Dem Begehren des Bw auf erklärungsgemäße Veranlagung kann daher jedenfalls nicht gefolgt werden.

Was die Schätzung anlangt, führt der Bw im Wesentlichen ins Treffen, er habe in den Monaten November und Dezember nur geringe Umsätze zu verzeichnen gehabt.

Eine Begründung für diese Behauptung bleibt der Bw schuldig.

Dass gerade in der Vorweihnachtszeit in einem Standort vor einem Einkaufszentrum mit einem Imbissstand, der über Maroni hinausgehend etwa auch Kebap, Pommes Frites, Falafel oder Hühnerkeulen anbietet, wenig Geschäft gemacht werden soll, widerspricht der Lebenserfahrung.

Sollte die Berufung auch dahingehend zu verstehen sein, dass der Bw erst am 16.11.2009 sein Geschäft eröffnet haben will, steht dies im Widerspruch zur Aktenlage. Insbesondere wären die Einkäufe (und ständigen Nachkäufe) verderblicher Waren bereits ab August 2009 nicht zu erklären.

Die Schätzung der Außenprüfung ist schlüssig.

Die Prüfung ist von den vom Bw selbst aufgezeichneten Wareneinkäufen ausgegangen und hat von diesen ausgehend den Umsatz und in weiterer Folge den Gewinn geschätzt.

Dass der Bw größere Vorräte an zumeist verderblichen Waren angelegt hat, die erst im Jahr 2010 verkauft wurden, ist sehr unwahrscheinlich. Der laufende Nachkauf vor allem an Kebap und Dönersoße spricht vielmehr für einen regelmäßigen Verbrauch im Geschäft.
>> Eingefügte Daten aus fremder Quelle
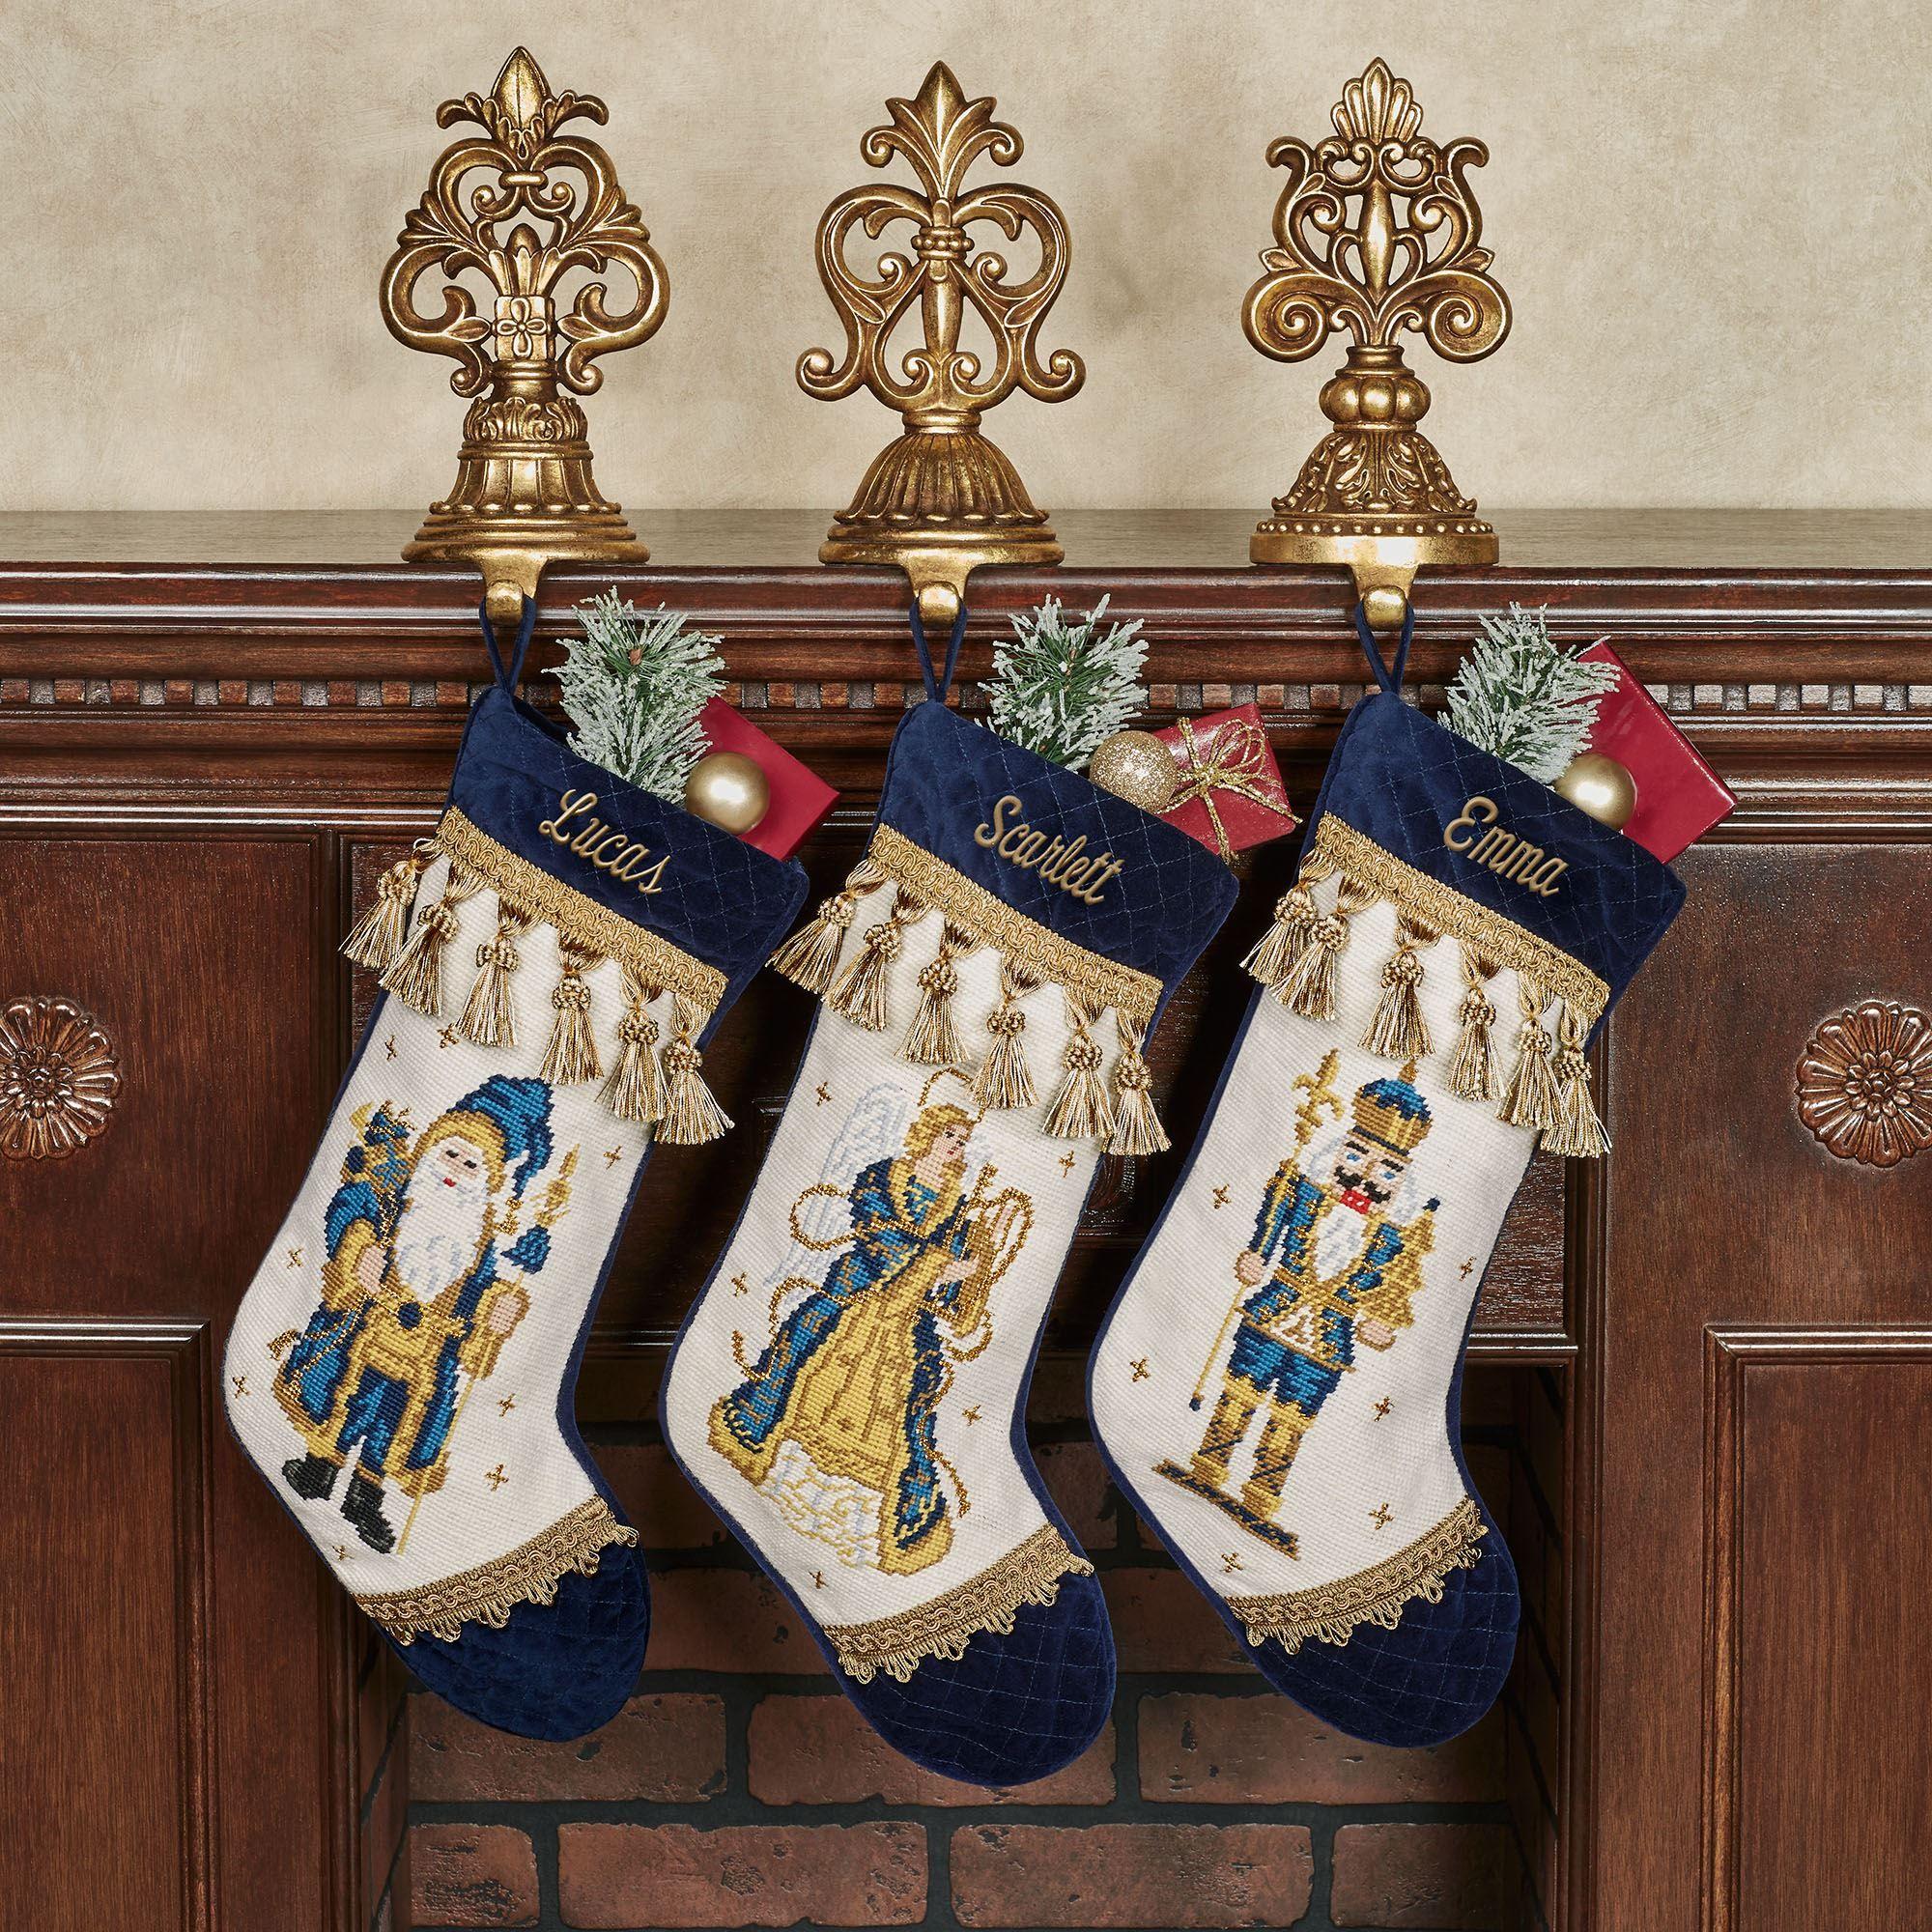 Needlepoint Christmas Stockings.Holiday Reflections Navy Needlepoint Christmas Stockings

Gegen einen Rohaufschlag von durchschnittlich 300% hat der Bw nichts ins Treffen geführt.

Bei der Gewinnermittlung hat der Prüfer außerdem zusätzlich zu den erklärten pauschal weitere Betriebsausgaben von € 10.000,00 berücksichtigt. So wurden vom Bw etwa keine Aufwendungen für Gebäck erklärt.

Der Bw kann durch diese Schätzung nicht beschwert sein.

Das Finanzamt hat sogar auf die Verhängung eines Sicherheitszuschlages, der durchaus möglich gewesen wäre, verzichtet.

Die Berufung gegen den Umsatzsteuerbescheid und gegen den Einkommensteuerbescheid 2009 ist daher als unbegründet abzuweisen.

2. Einkommensteuervorauszahlungen

Hieraus folgt, dass auch die Berufung gegen den Einkommensteuervorauszahlungsbescheid für 2010 und Folgejahre, der auf dem Einkommensteuerbescheid für 2009 aufbaut, als unbegründet abzuweisen ist.

Da die Betätigung erst im August 2010 aufgegeben wurde und dem Einkommensteuerbescheid 2009 im Wesentlichen die Ergebnisse einiger Monate zugrunde gelegt wurden, liegt auch kein Grund für eine abweichende niedrigere Anpassung nach § 45 Abs. 4 EStG 1988 vor.

Es war somit spruchgemäß zu entscheiden.